Large-scale multiple testing under dependence

成果类型:
Article
署名作者:
Sun, Wenguang; Cai, T. Tony
署名单位:
University of Pennsylvania
刊物名称:
JOURNAL OF THE ROYAL STATISTICAL SOCIETY SERIES B-STATISTICAL METHODOLOGY
ISSN/ISSBN:
1369-7412
DOI:
10.1111/j.1467-9868.2008.00694.x
发表日期:
2009
页码:
393-424
关键词:
false discovery rate maximum-likelihood-estimation compound decision rules hidden markov-models gene-expression probabilistic functions order estimation estimator number rates
摘要:
The paper considers the problem of multiple testing under dependence in a compound decision theoretic framework.

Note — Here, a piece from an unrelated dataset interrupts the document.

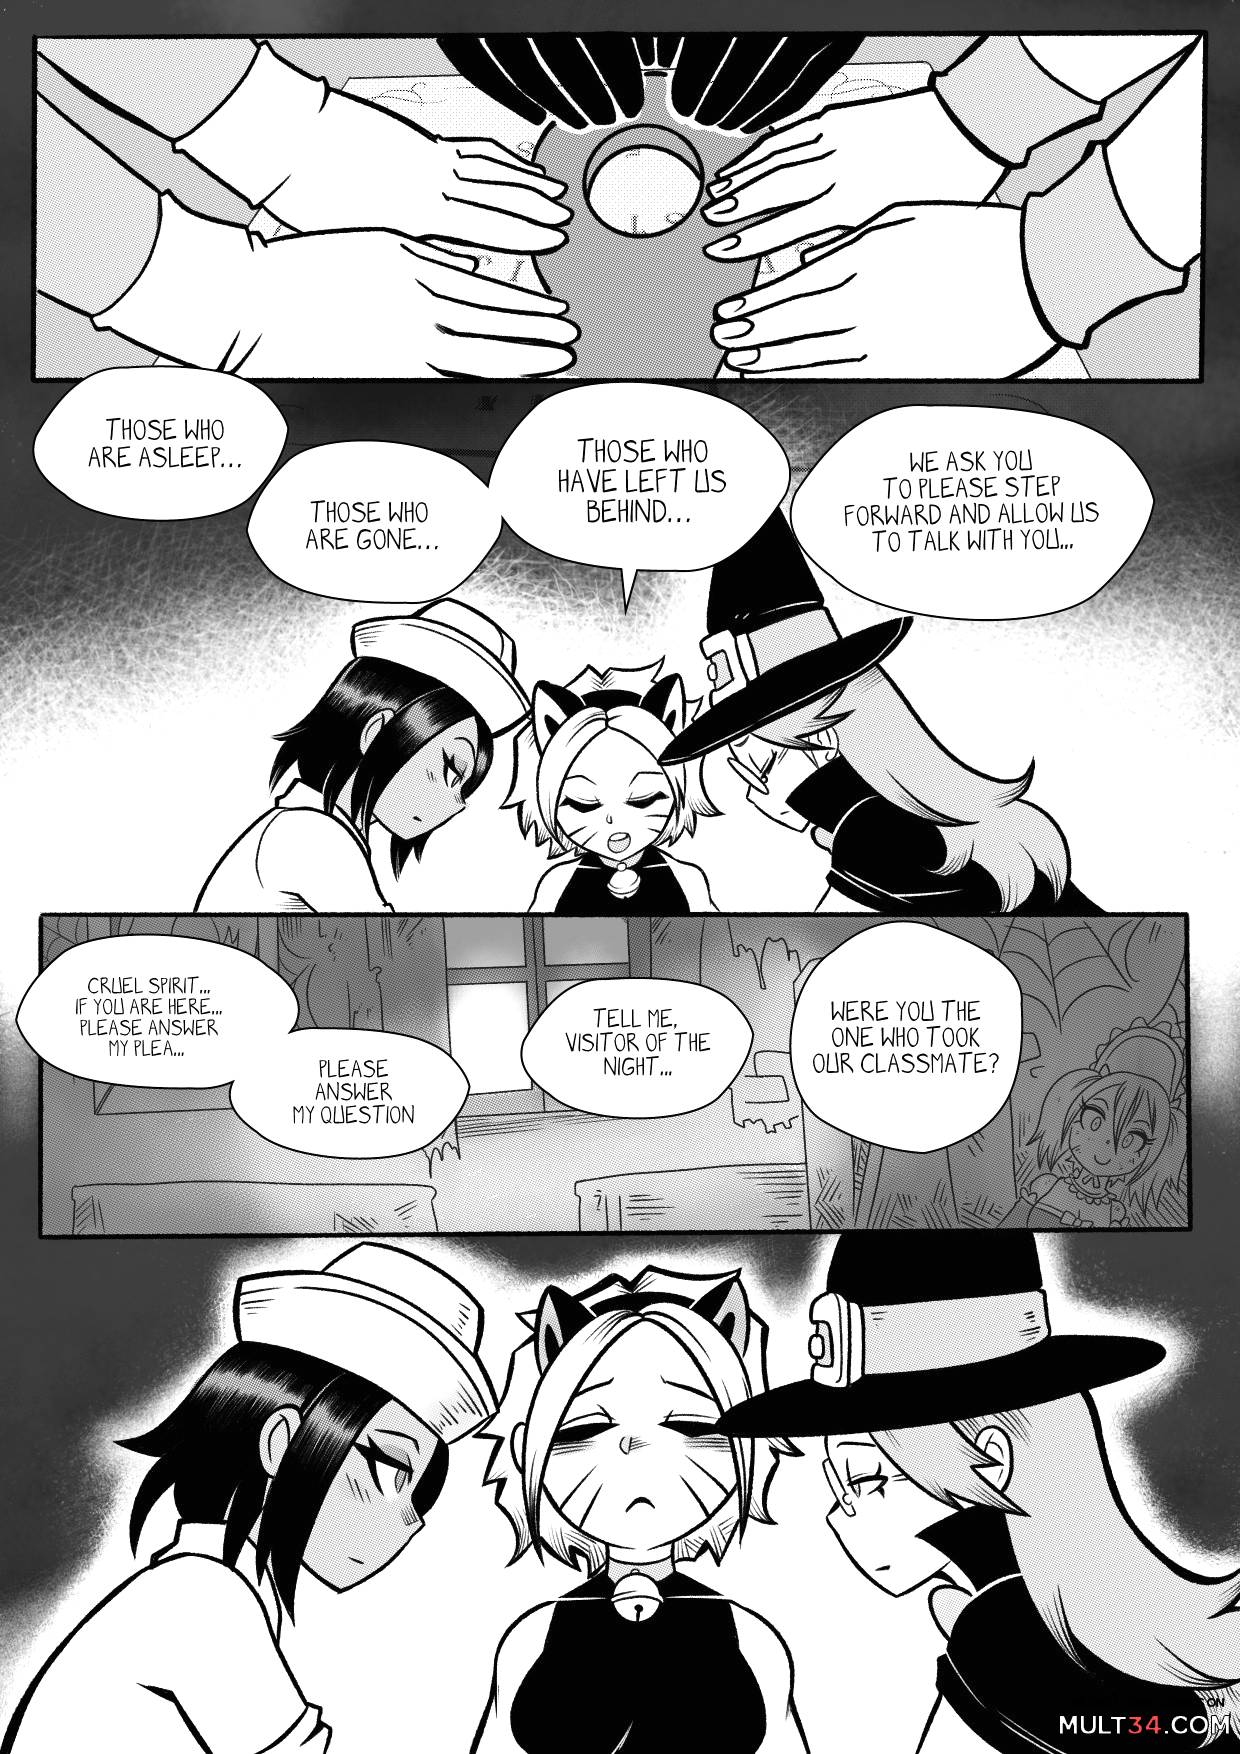 Hereafter - Halloween page 5
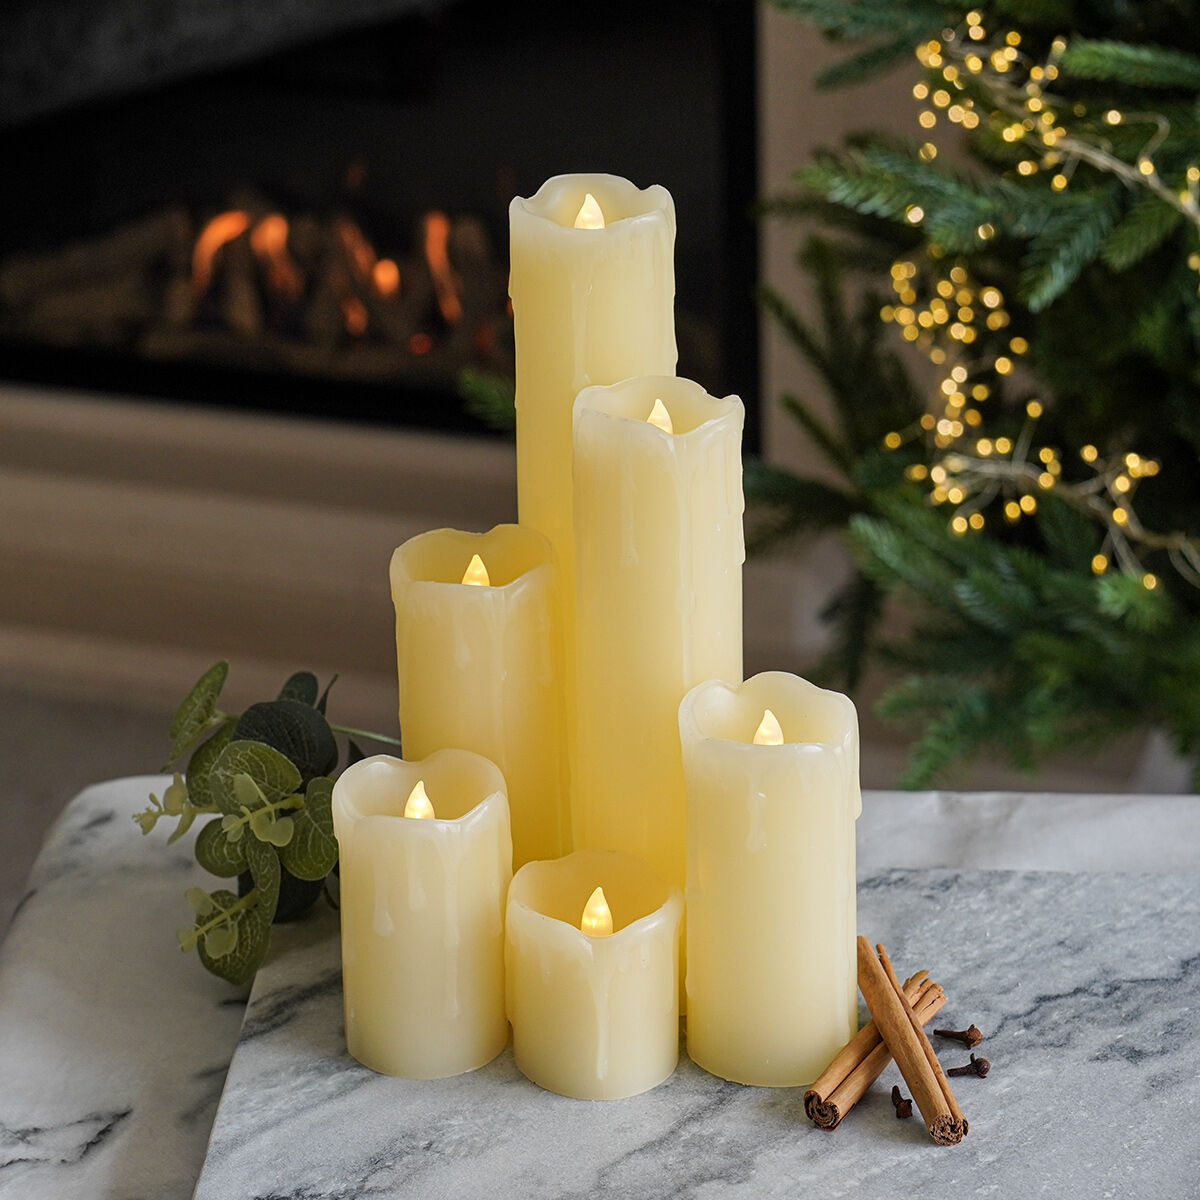 6 Battery Flickering Dripping Wax Pillar LED Candles image 2

The observed data are assumed to be generated from an underlying two-state hidden Markov model. We propose oracle and asymptotically optimal data-driven procedures that aim to minimize the false non-discovery rate FNR subject to a constraint on the false discovery rate FDR. It is shown that the performance of a multiple-testing procedure can be substantially improved by adaptively exploiting the dependence structure among hypotheses, and hence conventional FDR procedures that ignore this structural information are inefficient. Both theoretical properties and numerical performances of the procedures proposed are investigated. It is shown that the procedures proposed control FDR at the desired level, enjoy certain optimality properties and are especially powerful in identifying clustered non-null cases. The new procedure is applied to an influenza-like illness surveillance study for detecting the timing of epidemic periods.